Power overlay. Remember to add a small section of power wire so you can power up the liquid shutoff when you're done.

Then build up the wall on the right of the liquid shutoff, sealing up your chlorine room. Delete the remains of the liquid lock. (Let the water pour wherever or pump it out first. We just want to get rid of it - we need the space.)

ONI-Guide-BathroomDecontaminationChlorineRoom6.png

Close off the chlorine room, delete the liquid lock tiles.

Now add a water sieve, with the pipe from the chlorine room connecting to the water sieve input (the white bit). The water sieve uses sand, so you can add a storage bin set to sand (found under the category filtration medium).

The water sieve output should connect to a liquid bridge. This will function as your mechanism to get rid of excess water. Have the liquid bridge lead back in to your (clean) water intake piping. Then have a second line branch off to wherever you want your excess clean water to go. (A SPOM, bristle blossoms, your water storage, etc.)

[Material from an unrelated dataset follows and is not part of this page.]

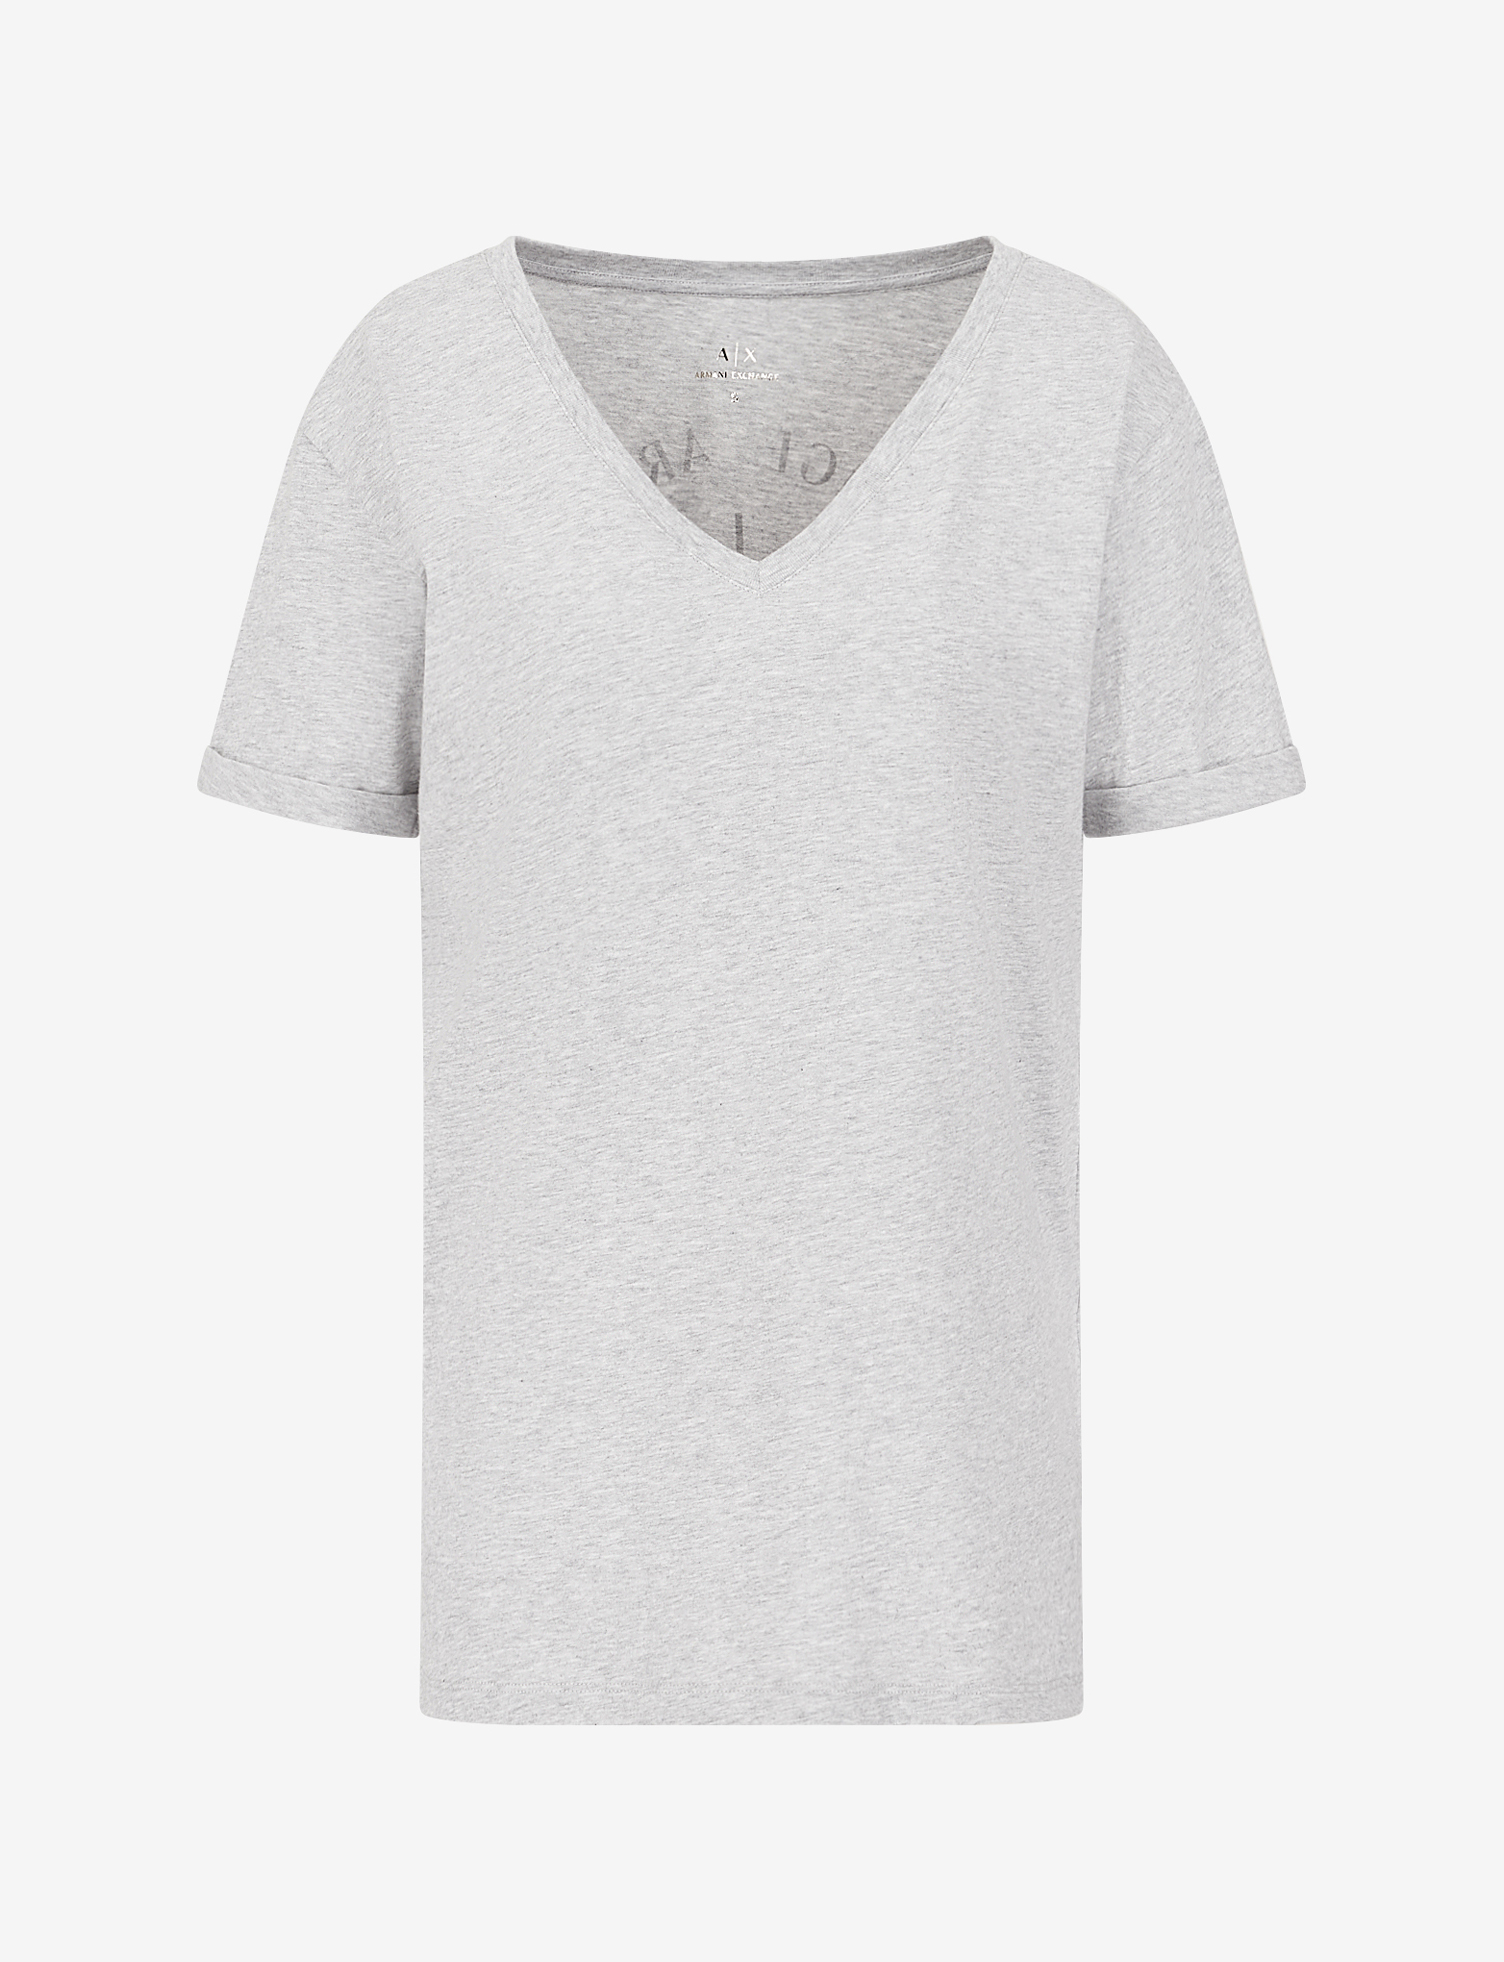 ARMANI EXCHANGE  6KYTGG YJ3RZ Damen T-Shirt Grau Melange 3911

ONI-Guide-BathroomDecontaminationComplete1.png
ONI-Guide-BathroomDecontaminationComplete2.png

Once the first liquid reservoir tank in the chlorine room fills up (it lost a small amount of polluted water filling up the pipes in the chlorine room) your water reclaiming system will start outputting clean water. You can now disconnect your original water source from this build.

Give yourself a pat on the back - you should never again need to worry about your bathroom water supply.

Optional build: excess polluted water instead of water

You can put the liquid bridge overflow mechanism before your chlorine room if you want. Then you will get a small, steady supply of polluted water instead of water. This can be used, for instance, to feed a thimble reed for a small supply of reed fiber.